New season of Smuin Ballets from November 1st through 19 is at the Cowell Theatre, whose size and sightlines make it ideal. There’s also ample parking in Fort Mason Center (entrance on Bay Street opposite Safeway.)

Ballets include Smuin’s riveting, powerful Medea; Carmina Burana, set to the wild choral chants of Carl Orff; and the world premiere of Sapphire Rain, inspired by a tropical rainforest.

Charge by phone 415/978-2787 every day from 11 to 6. Discounts for Seniors, Students, Family Pack.

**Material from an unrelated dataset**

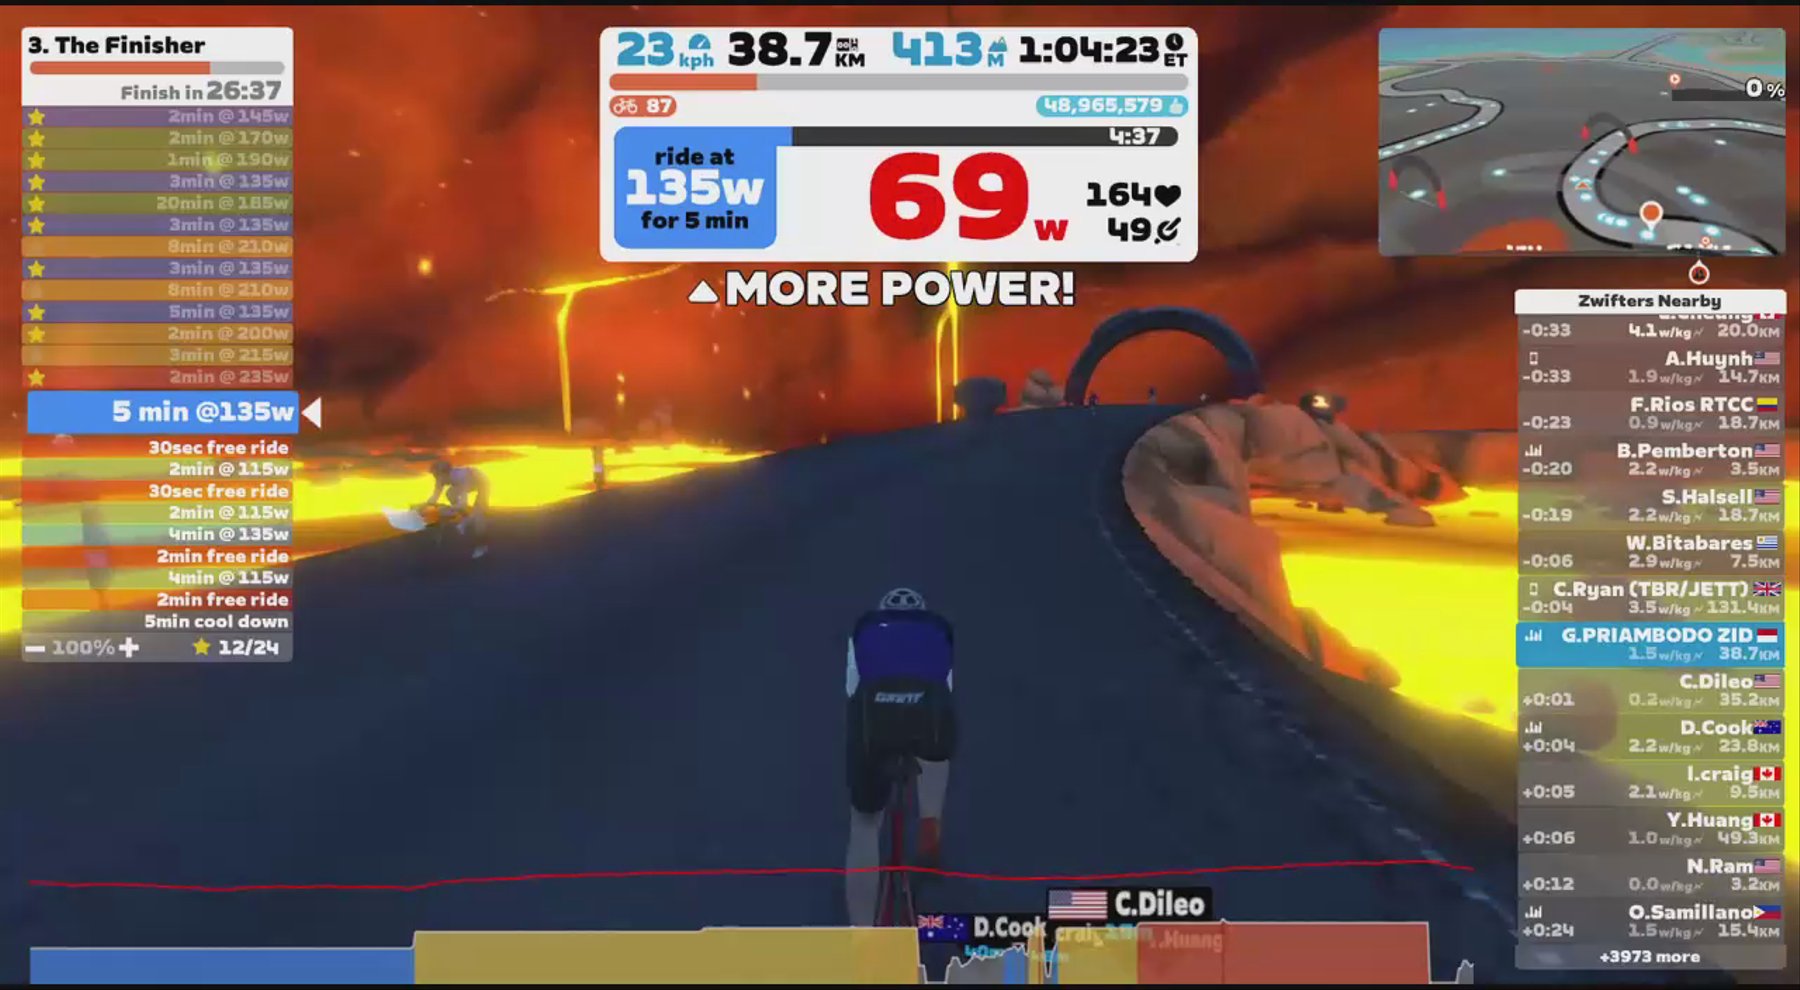 Zwift - Zwift Academy: Workout 3 | The Finisher in Watopia
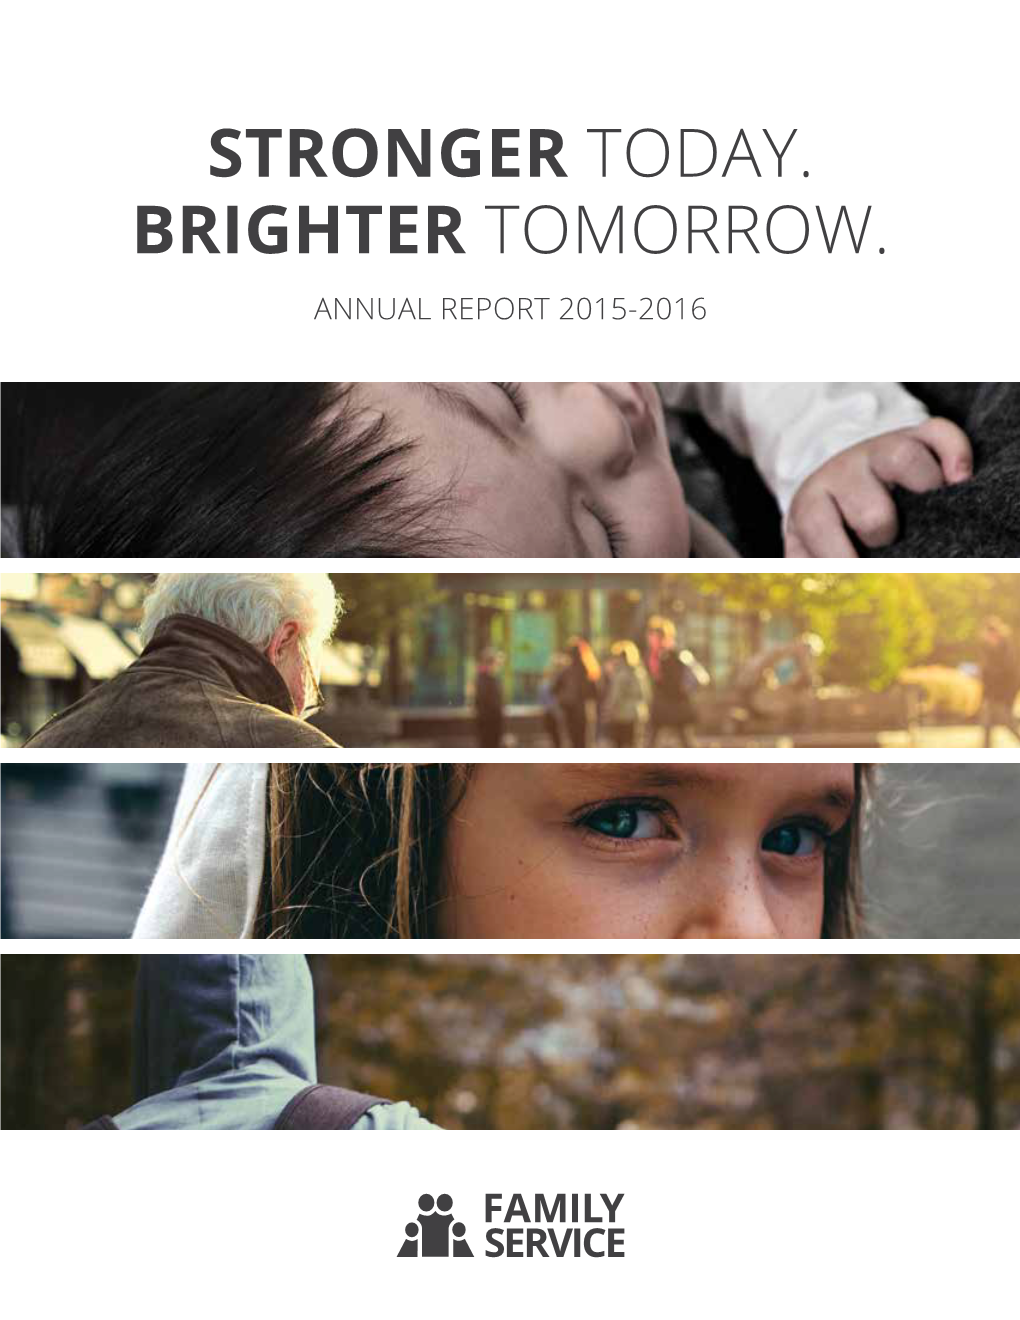 Stronger Today. Brighter Tomorrow. Annual Report 2015-2016 About Family Service Board of Directors

Information online.

By the way, on November 13, Smuin and Evelyn Cisneros, former prima ballerina of SF Ballet, will appear in conversation for the City Arts & Lectures Series at the Herbst Theatre, Van Ness & McAllister. 415/392-4400 for tickets.

 

THEATER

R. BUCKMINSTER FULLER: The History and Mystery of the Universe is back by popular demand. Wonderful one-man show got my rave for its first SF run. It’s the most stimulating and absorbing theater experience you’re likely to have in this or any other year.

American maverick and genius inventor Bucky Fuller is brought to life by the extraordinary actor Ron Campbell, who explores his writings and inventions as recreated for the stage and directed by D.W. Jacobs.

Limited engagement now at George Coates Performance Works, 110 McAllister Street, Civic Center. For tickets 415/392-4400 or online.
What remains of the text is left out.